Дориан посмотрел на Ноя как на придурка.
– Ты поэтому читаешь такое? Чтобы забивать свою голову этой ерундой?
– Конечно нет, там прикольные картинки.
Дориан с раздраженным вздохом отложил журнал на подоконник и скрестил руки на груди.
– Да, – вдруг сказал он с сарказмом, – очевидно, что только картинки ты и рассматриваешь, раз все еще ничего не понял.
Пришла очередь Ноя озадаченно хмуриться:
– Ты это о чем?
– Ты все понял. – Явно чувствуя себя лучше, Дориан отлепился от подоконника и подошел к столу. – Ты как Альма, тебя невозможно понять. И порой я удивляюсь, как такой умный человек, как ты, может быть настолько глупым, когда дело касается собственных отношений. Ведь ты ничего не сделал, чтобы Кая была с тобой.
– Может, я не человек?
Дориан фыркнул, затем подтолкнул к Ною кулек с конфетами.
– Только это тебя и волнует.
Затем свет на кухне погас.
Когда шаги Дориана стихли где-то наверху, дом вновь погрузился в привычное состояние мертвой тишины. Вот только Ной непривычно затаил дыхание и уставился в темноту, сжав в кулаке фантик от шоколадки.

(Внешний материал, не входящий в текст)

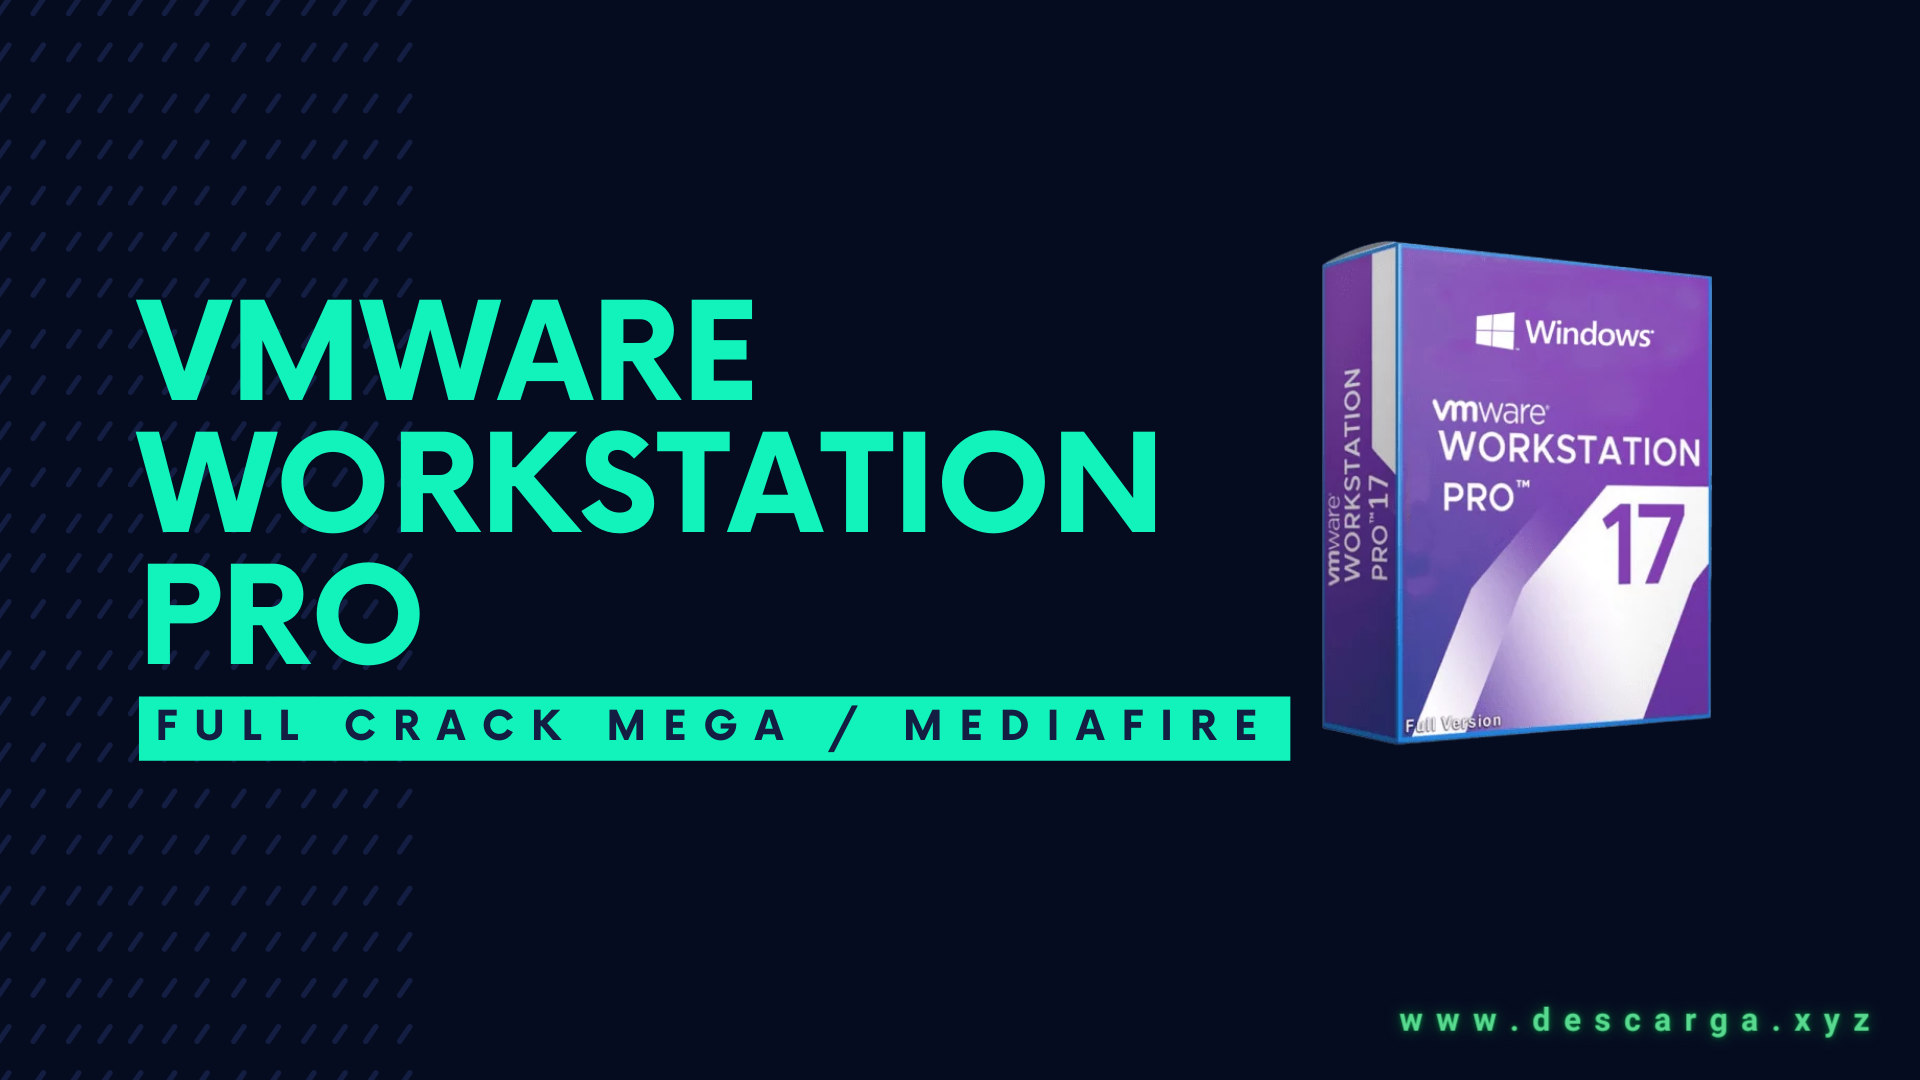 VMware Workstation Pro Full Crack descargar gratis

Что именно подстегнуло Дориана к действиям, он не знал. После эпизода в «Ледовом дворце» они сходили еще на одно свидание, и то поскольку их заселили в один отель на одном этаже и вечером перед конференцией нечем было заняться.
Сейчас Дориан таращился на дверь ее квартиры, нерешительно переминаясь с ноги на ногу. «Как я сюда попал? – подумал он. – Что я делаю?»
И потом Дориан задал себе главный вопрос: почему нет? – и позвонил в дверной звонок. Лишь потом, Альма открыла не сразу, он глянул на наручные часы и понял свою оплошность – уже было за полночь, наверняка она преспокойно спит.
Я дурак, – подумал Дориан, но вдруг дверь квартиры резко распахнулась, и он подался назад. Он почувствовал себя даже глупее, чем прежде. Он принял освежающий душ, съел бульон Ноя, выпил две чашки кофе, но все равно чувствовал себя мертвецом, которого неудачник-некромант неверно оживил, совершив с десяток ошибок.
– Дориан? Что ты здесь делаешь? – изумилась Альма. Он оторопел:
– Ты не посмотрела, кто пришел? И кого ты ждала здесь поздней ночью в этом дурацком халатике?
Альма лишь вскинула брови и поджала губы. Ее зеленые глаза полыхнули огнем, который готов был спалить дотла всех и вся. Разве эта девушка могла ухаживать за ним после сцены на льду, весело болтать в баре, а сейчас испепелять взглядом?
– Ты просто сумасшедший, – отрезала она, попытавшись закрыть дверь. Дориан проворно вставил в дверной проем ботинок и проскользнул внутрь. На раздраженный взгляд девушки он пожал плечами:
– Только тебе можно проникать в мой дом? – Он бросил взгляд на ее туфли, стоящие на пороге. Шпилька сантиметров десять впечатается в висок – и все, крышка.
– Ты пьян, уходи.
– Вовсе я не пьян, Альма. Я просто… – пробормотал он и вдруг споткнулся о швабру, валяющуюся на полу посреди коридора. Альма опустила на нее взгляд и нехотя пояснила:
– Я делала влажную уборку.
– В час ночи?
– Не твое дело!
– Отлично, раз так!
Он развернулся назад к двери, ругая себя за то, что в очередной раз поддался гипнозу Ноя и пришел к этой сумасшедшей женщине, абсолютно невменяемой и неадекватной… Спасаясь бегством, Дориан схватился за ручку и потянул дверь на себя, но тут Альма обхватила его талию руками, и он застыл, позабыв о туфлях, о своей злости, о том, что у него болит голова.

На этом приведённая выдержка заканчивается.